The 800 student leaders in that room that morning are all facilitating discipleship groups on their campuses. Our ENCM-Philippines staff has been doing a great job of equipping and empowering students to make disciples.

As I was driving to the meeting that morning, I thought back to my college days – a long time ago! Most of what I had then, I no longer have. My white Toyota Celica. My black Yamaha motorcycle. My Guild guitar. My hair. All gone. Never to be seen again.

About the only thing I still have from those days are my friends.

I reminded the 800 student leaders what Joey Bonifacio has preached and blogged a million times – that discipleship is relationship.

Joey is right about that. The best discipleship flows out of and produces the best relationships. Discipleship is not a class to take. It is not a program to make a church bigger. It is not a doctrine to learn.

Discipleship is relationship.

But, what kind of relationship? Some relationships are life-giving, others are life-draining. Some are healthy, others are dysfunctional. I think a healthy discipleship relationship should be a Christ-centered friendship.

Friendship discipleship may sound good, but is that how Jesus did discipleship? I think so.

Consider the following verses.

– In John 15:13-15, Jesus referred to his disciples as friends.
– In John 21:5, he called some struggling disciples (back-slidders?) his friends.
– In Luke 7:34, the religious leaders described him as a “friend of sinners”.

Solid disciples. Struggling disciples. Sinners. Jesus treated them like friends.

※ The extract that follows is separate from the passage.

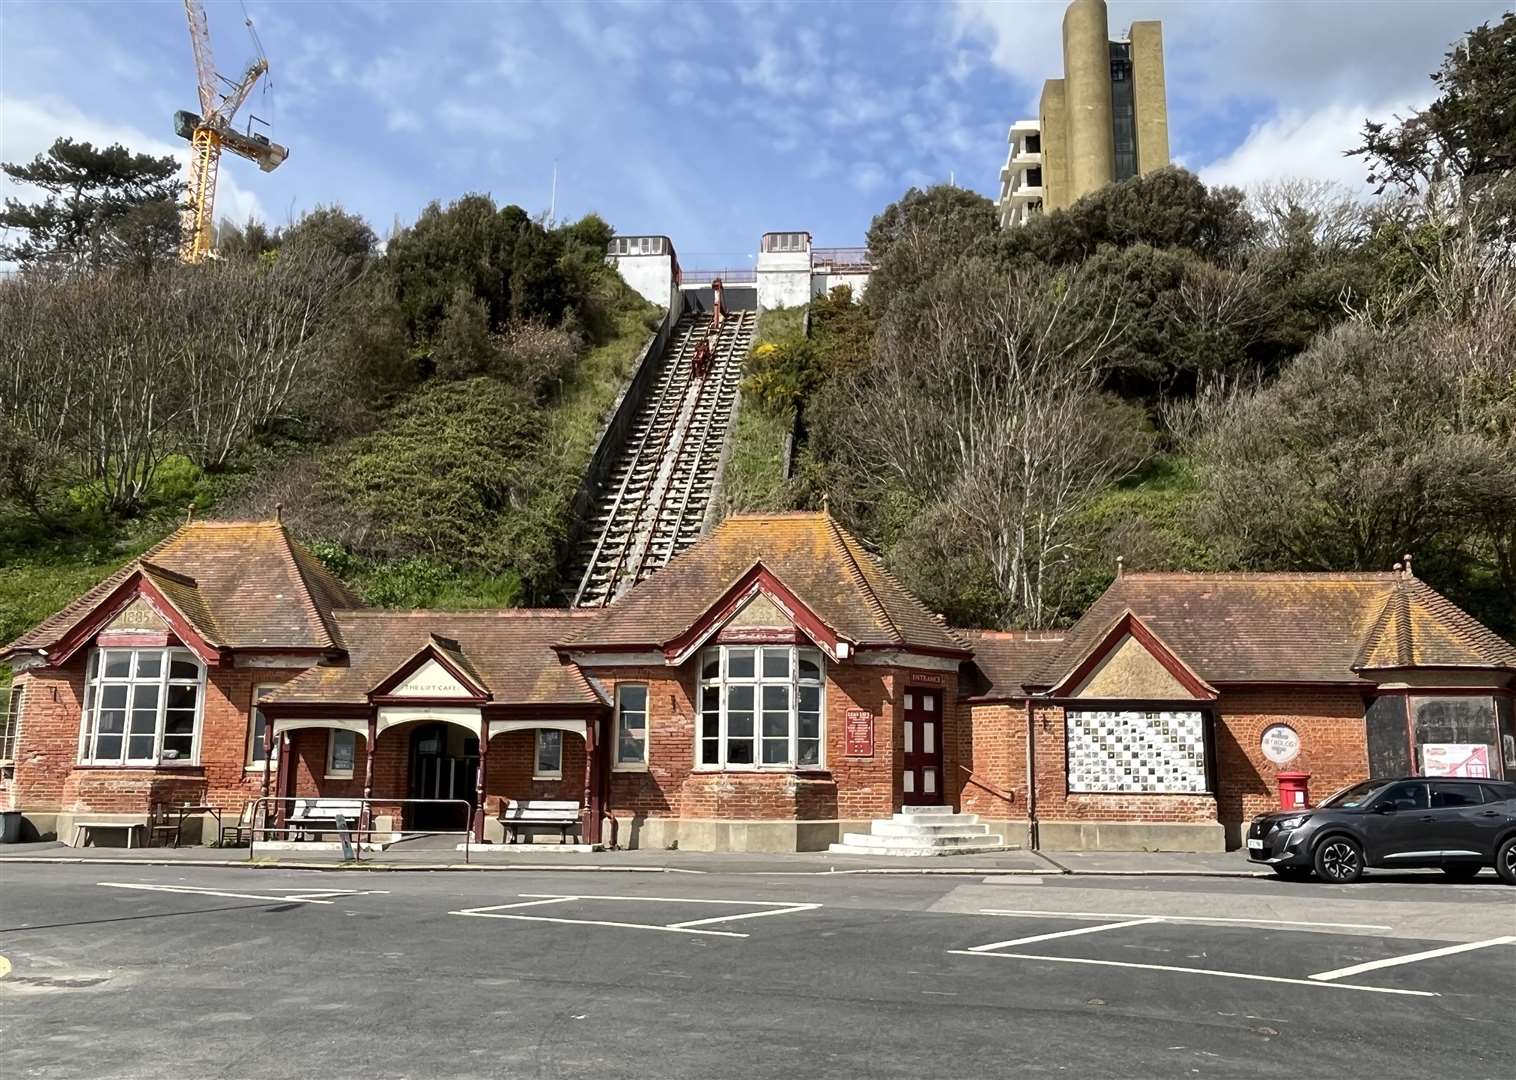 Plans for the Leas Lift restoration project include fixing the lift, improving the waiting room, and creating a new building to house a modern cafe with an outdoor terrace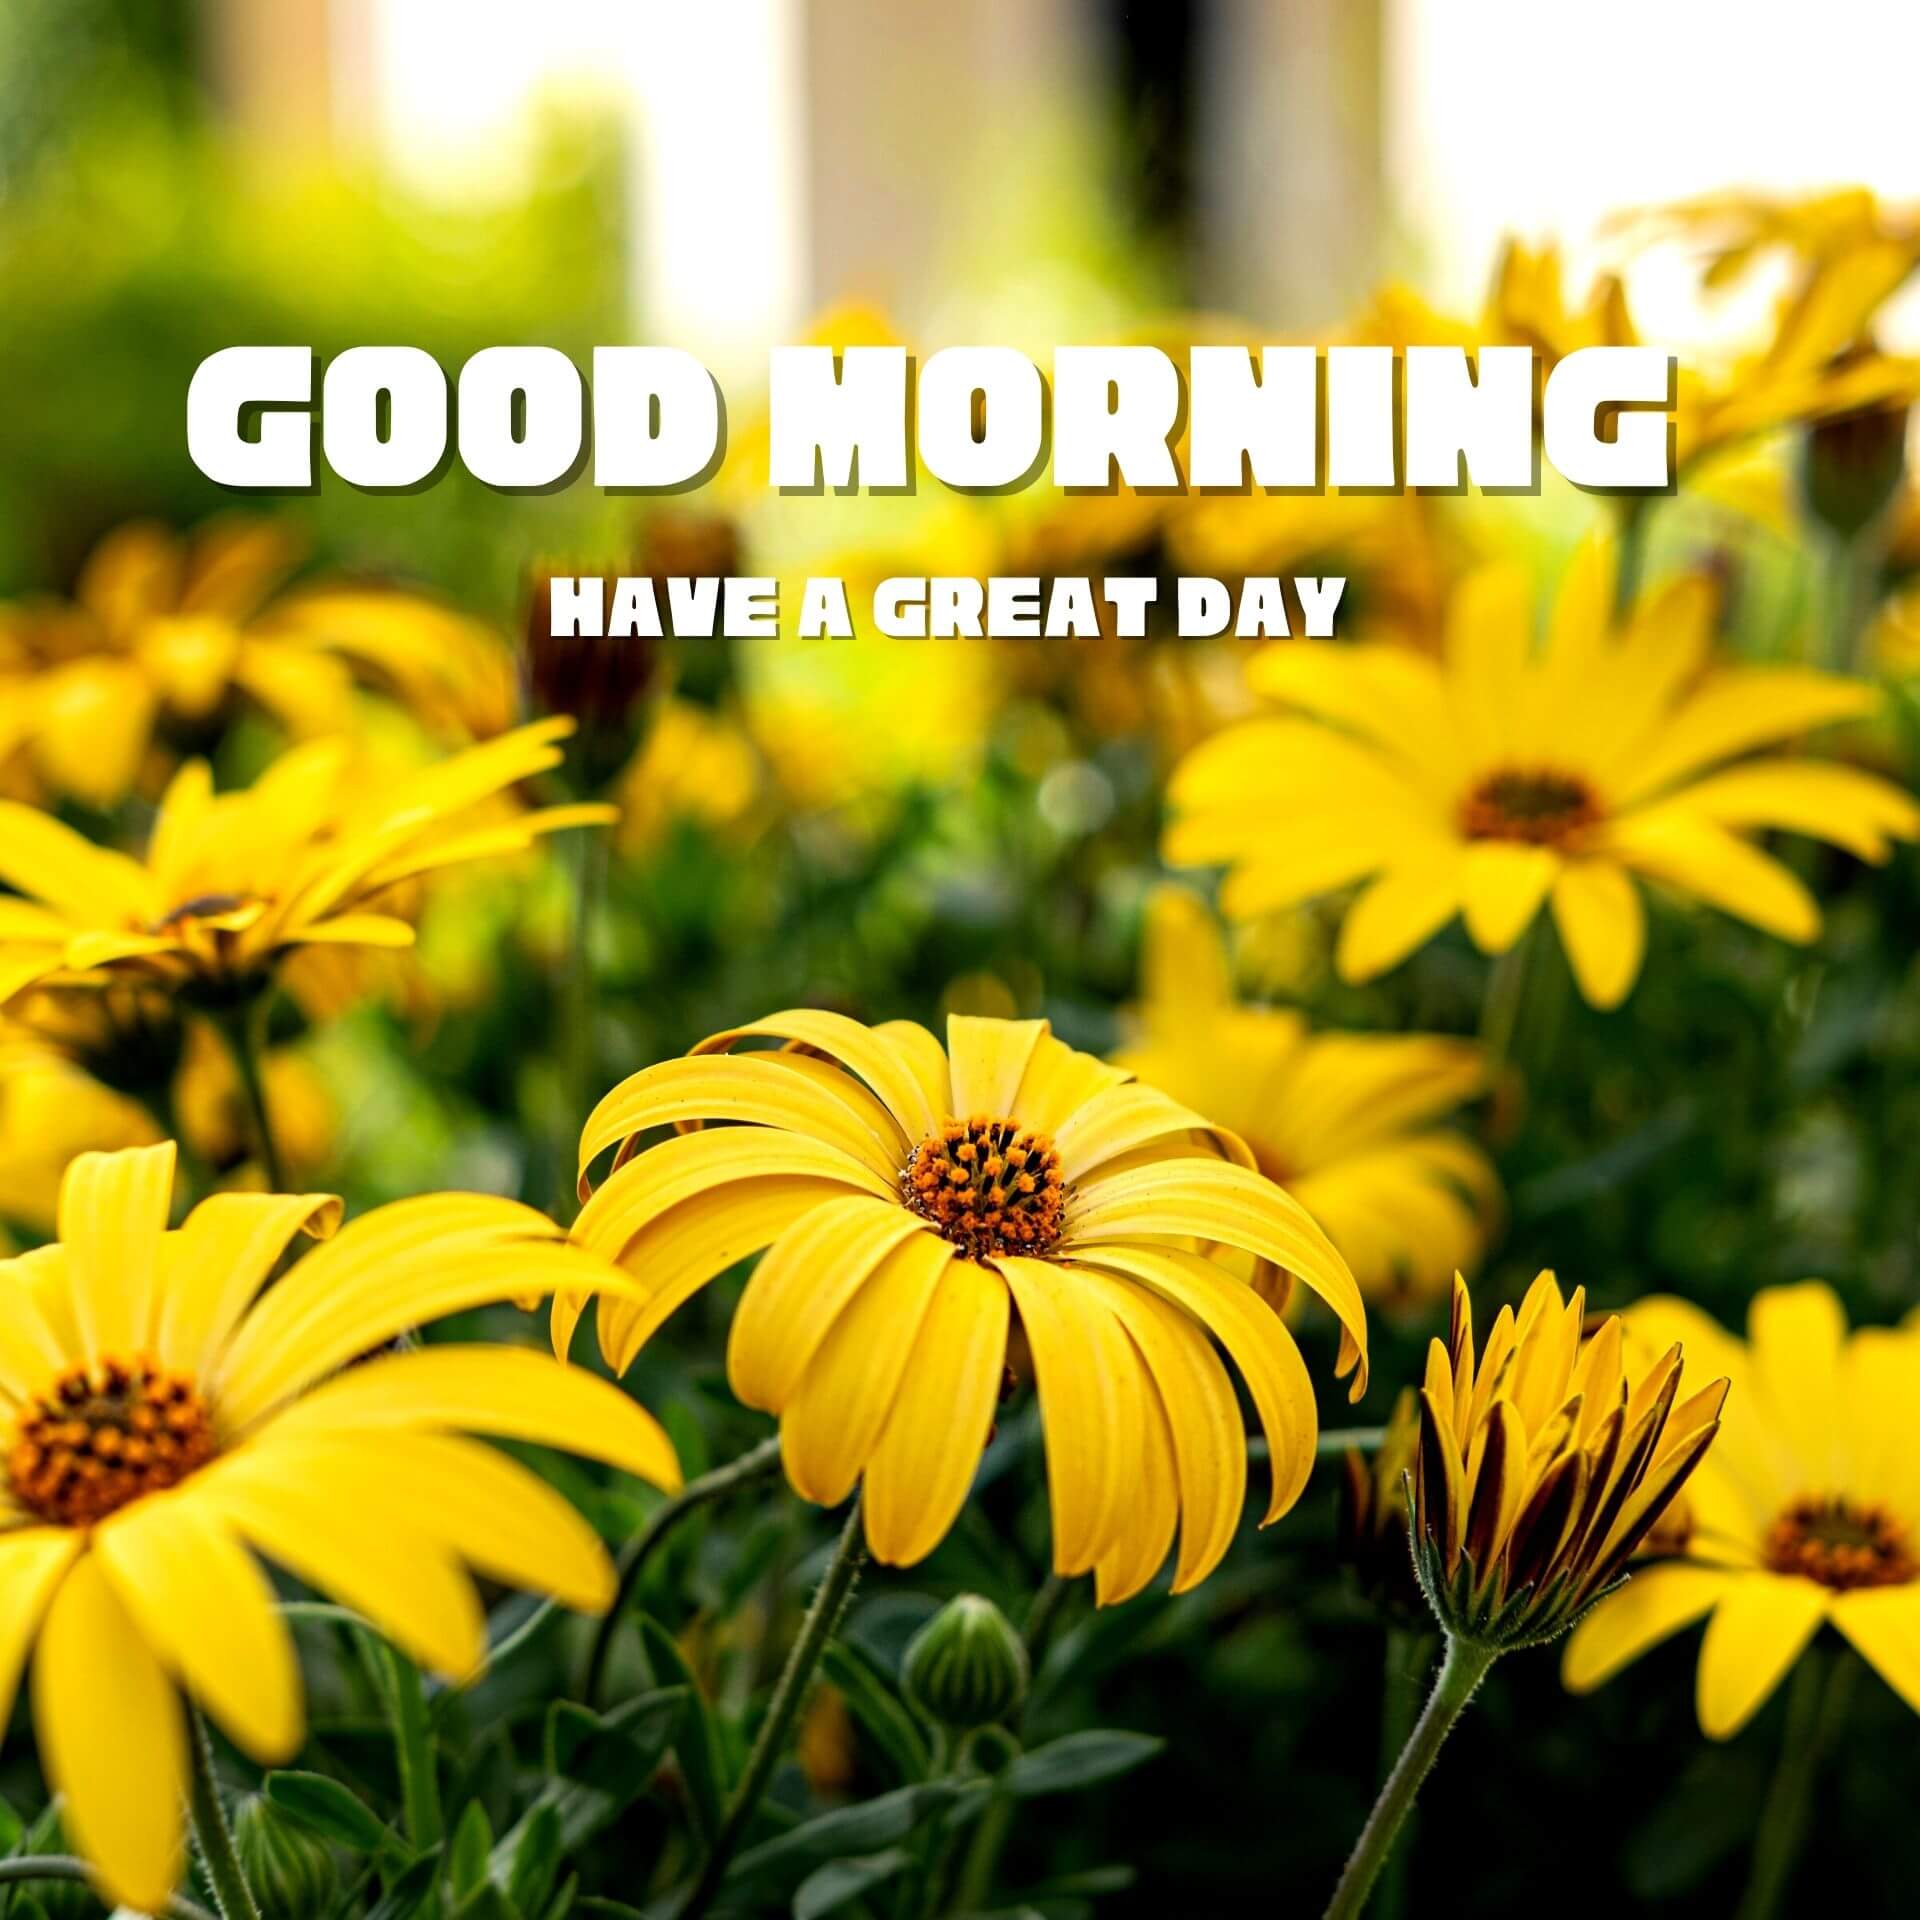 Good morning have a nice day Wallpaper HD Download

In fact, it seems like the only people who weren’t his friends were the self-righteous, judgmental hypocrites. The Pharisees and Sadducees. The religious critics who were professionals at tearing people down rather than building them up.

If Jesus treated his disciples – the ones who were following him and the ones who were running from him – like friends, then don’t you think we should do the same?

Discipleship should be Christ-centered friendship.

And, if we do friendship-based discipleship like Jesus did, 30 years later we may not have our college car, waste-line or hairline, but we will still have our friends.

Steve Murrell is a missionary, pastor, and the author of “The Reluctant Leader” and “The Accidental Missionary.”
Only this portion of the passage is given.